I'm still trying to understand what you are trying to say and while searching on the topic on the web I found this image
It show's that when the voltage goes to zero the flux tends to maintain to constant value, i thought this was wrong wouldn't the flux start going to zero when the voltage drops to 0...
* Saturable Core Model, copied from:
* _SPICE Models For Power Electronics_, Meares and Hymowitz.
*
.SUBCKT INDSAT 1 2 PARAMS: VSEC=1e-4 LMAG=1e-5 LSAT=1e-7 FEDDY=1e6
F1 1 2 VM1 1.0
G2 2 3 1 2 1.0
E1 4 2 3 2 1.0
VM1 4 5 0.0
RX 3 2 1E9
CB 3 2 {VSEC/500} IC=0
RB 5 2 {LMAG*500/VSEC}
RS 5 6 {LSAT*500/VSEC}
VP 7 2 250
VN 2 8 250
D1 6 7 DCLAMP
D2 8 6 DCLAMP
.MODEL DCLAMP D ( CJO={3*VSEC/(6.28*FEDDY*500*LMAG)} VJ=25 RS={LSAT/VSEC} )
.ENDS
I use this model:Code: [Select]* Saturable Core Model, copied from:
* _SPICE Models For Power Electronics_, Meares and Hymowitz.
*
.SUBCKT INDSAT 1 2 PARAMS: VSEC=1e-4 LMAG=1e-5 LSAT=1e-7 FEDDY=1e6
F1 1 2 VM1 1.0
G2 2 3 1 2 1.0
E1 4 2 3 2 1.0
VM1 4 5 0.0
RX 3 2 1E9
CB 3 2 {VSEC/500} IC=0
RB 5 2 {LMAG*500/VSEC}
RS 5 6 {LSAT*500/VSEC}
VP 7 2 250
VN 2 8 250
D1 6 7 DCLAMP
D2 8 6 DCLAMP
.MODEL DCLAMP D ( CJO={3*VSEC/(6.28*FEDDY*500*LMAG)} VJ=25 RS={LSAT/VSEC} )
.ENDS
You'll need to paste this into a subcircuit file, and load that file as a model or library. RTFM
It works by transforming terminal voltage into current in a capacitor; as the capacitor charges, flux increases. A diode clamps the flux, providing an exponential cutoff: flux cannot practically increase beyond this point. A second capacitor (the diode capacitance) even provides a lowpass filter characteristic, which has the effect of reducing flux at high frequencies: the permeability of the core drops. (The core also becomes lossy, i.e., the permeability has an imaginary component. Inductive reactance is already imaginary, so imaginary * imaginary = resistive loss! ) A voltage source measures the current flow into the clamp diode section, relaying this back to the terminals; thus terminal current is controlled by flux, and attempting to push excessive flux into the core will draw a huge current (just as should be the case!).
Which explains what the variables control:
VSEC: saturation flux in volt-seconds
LMAG: magnetizing inductance in henry (default, un-saturated inductance)
LSAT: saturated inductance in henry (this should be mu_r times smaller than LMAG)
FEDDY: cutoff frequency where permeability drops (as if due to eddy currents in a conductive core).

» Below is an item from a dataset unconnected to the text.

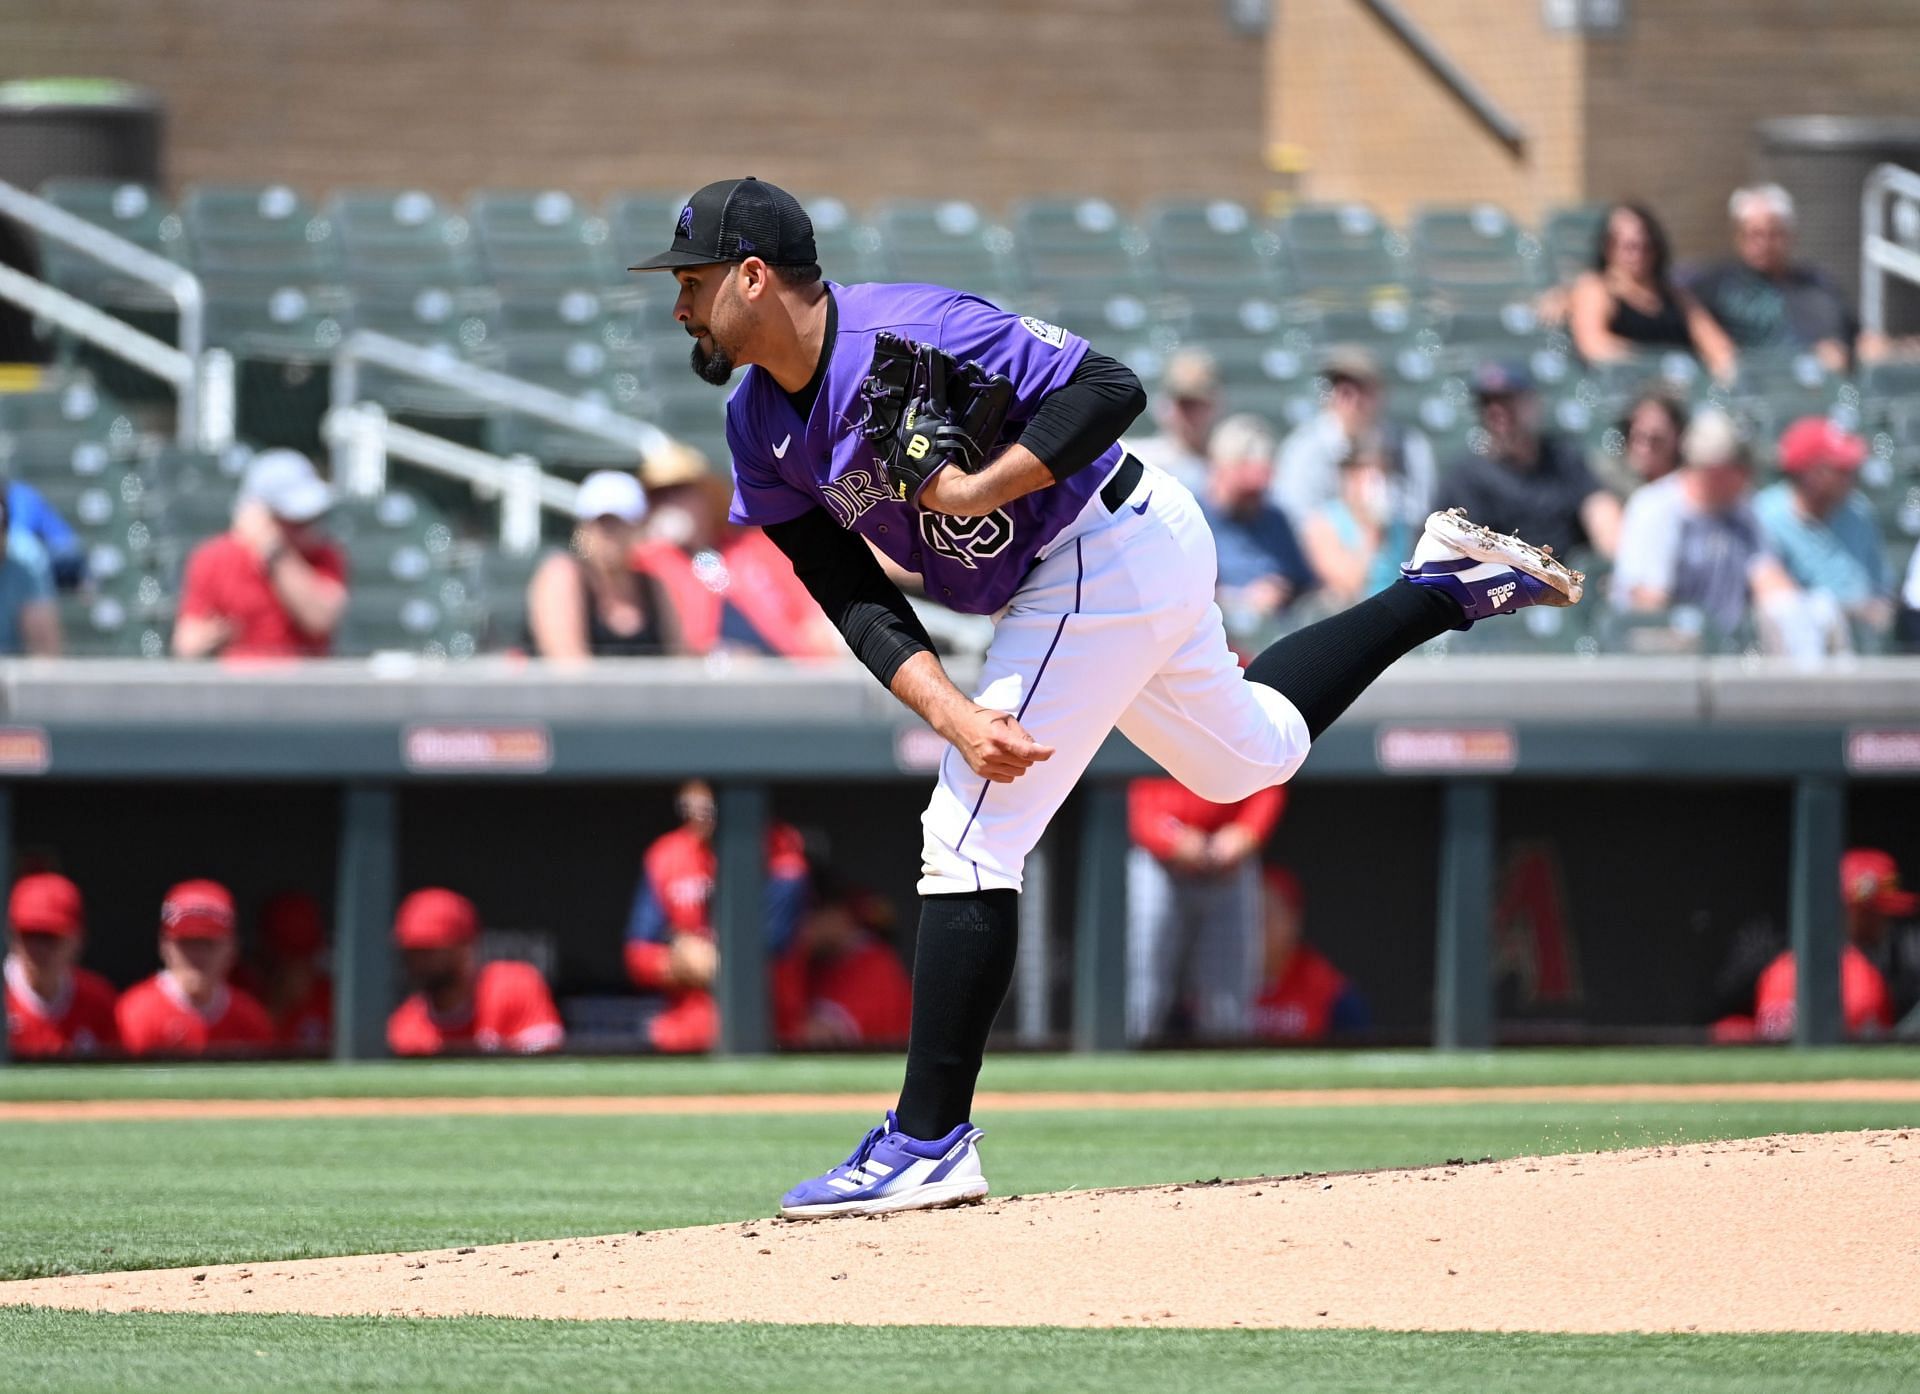 The Rockies also have very underrated uniforms

This is equivalent to a ferrite core with cross-sectional area A_e, turns N, permeability mu_r, inductivity A_L, and:
VSEC = A_e * N
LMAG = A_L * N^2
LSAT = A_L * N^2 / mu_r
A typical #77 ferrite might be mu_r = 2000 and FEDDY = 1e6 or so. High mu (up to 10-15k) ferrites have lower FEDDY (down to about 0.3e6), and lower loss, lower permeability types have higher FEDDY. Laminated iron will have FEDDY inversely proportional with lamination thickness, with several kHz being typical. (More complicated core loss curves might simply be modeled with an RLC network in parallel with the core, rather than at the flux level. For instance, the diffusion characteristic that nanocrystalline steel has.)
Tim
Stepper motors are usually driving the coils in a + 0 - 0 + sequence. So the flux will reverse.
For unipolar drive, there are usually two coupled coils like a center taped transformer. With unipolar drive it is a bad idea to have direct freewheeling diodes, as there will be a kind of transformer function from the other half coil.
The same is true for many latching relays with 2 separate coils: with free-wheeling diodes more current / a longer pulse is needed. So at least add a series resistor to the diode.